Most of the provisions of the Human Rights Act 1998 have significant implications for employers. Although the Act only enables individuals to take action against public authorities, private sector employers may become caught by its provisions in a tribunal situation. This is because Employment Tribunals themselves are public authorities and as a result are required to consider The Human Rights Act when judging employment disputes. However, employees within the private sector may not bring a claim against their employer purely on the basis of an infringement of his or her human rights. The individual would need to be able to claim that some other right, such as their right not to be discriminated against, had been breached. The key considerations for employers in relation to the Human Rights Act are:

  • Under Article 8, everybody has the right to respect for their private and family life, their home and their correspondence.

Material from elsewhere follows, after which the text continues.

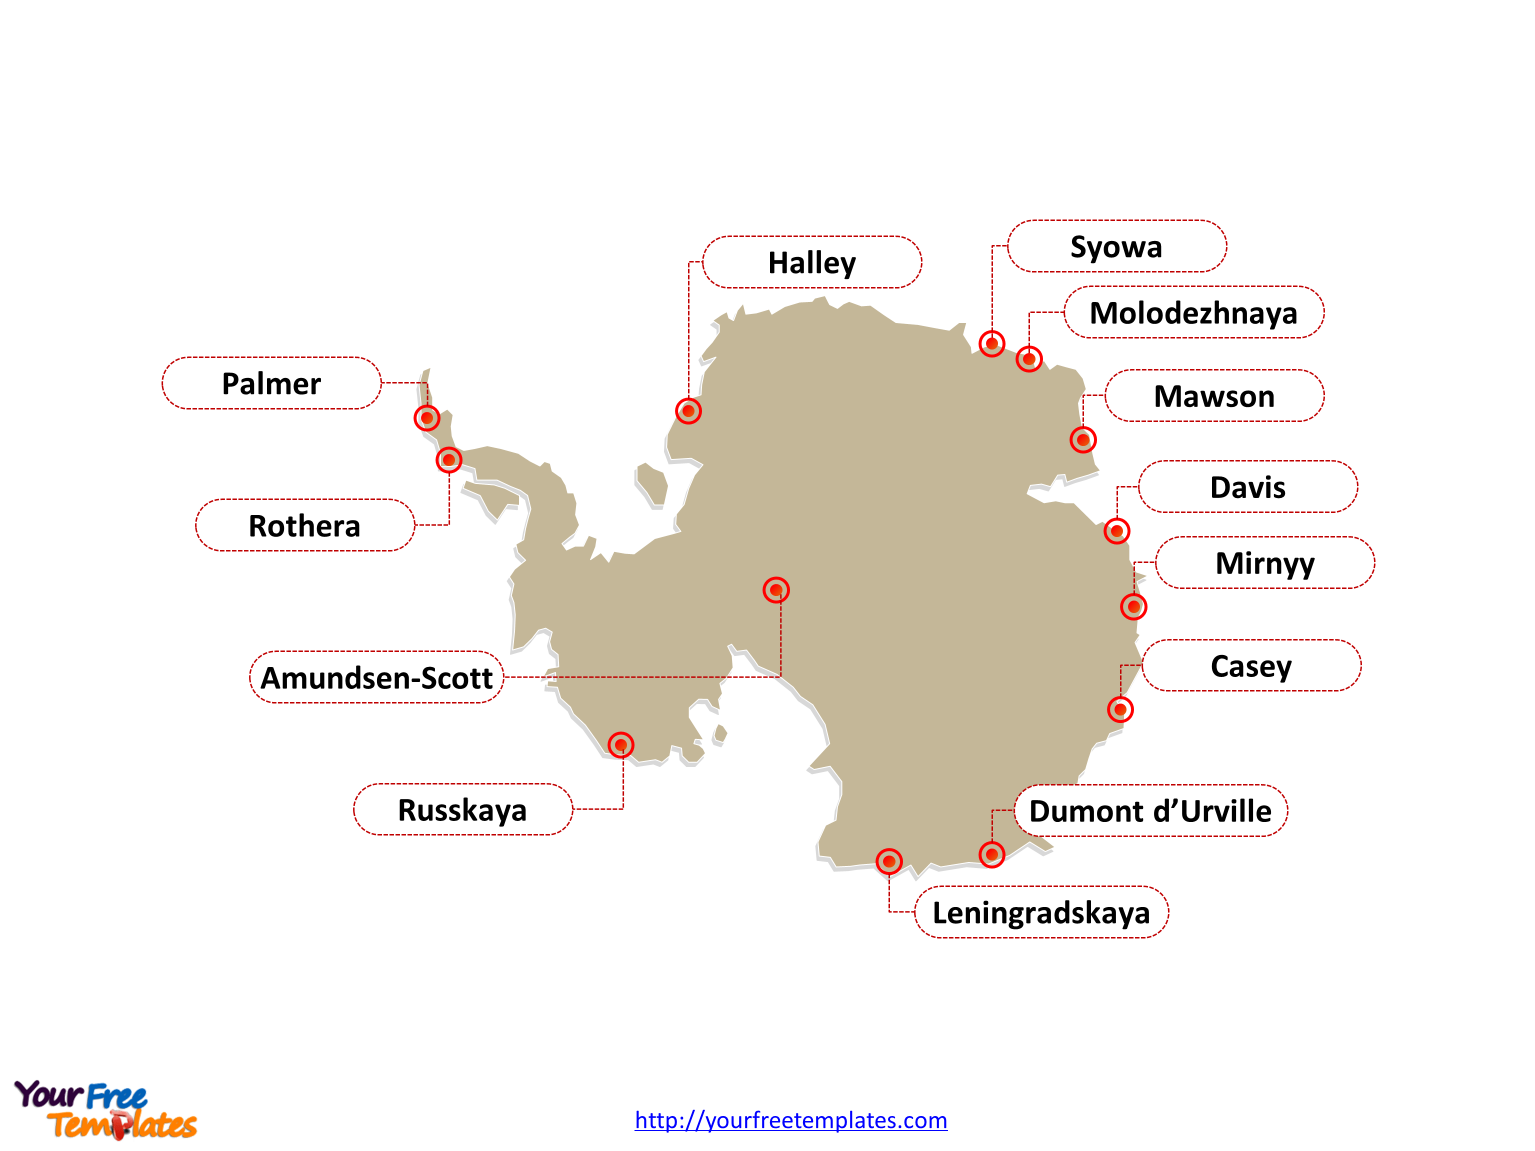 Antarctica map labeled with major stations

This has implications for such activities as covert monitoring of email correspondence, monitoring an employee's social media activity, providing medical information about themselves (and such activities as testing for drugs and alcohol), providing employers with information about their private life and employers who have policies that prohibit relationships at work;
  • Under Article 9, everyone has the right to freedom of thought, conscience and religion. This potentially had implications for employers seeking to restrict employees of particular faiths from taking time off to observe religious festivals;
  • Article 10 enshrines an individual's right to freedom of expression. This is concerned with the right to hold opinions and receive and disseminate opinions. However, it has been argued that it could be more broadly interpreted to include manner of dress, which would have implications for organisations with dress codes;
  • Article 4 states that no one shall be held in slavery or servitude and that no one shall be made to undertake forced or compulsory labour. This has potential implications where an employer wishes an employee to work out his or her notice where the individual does not wish to do so.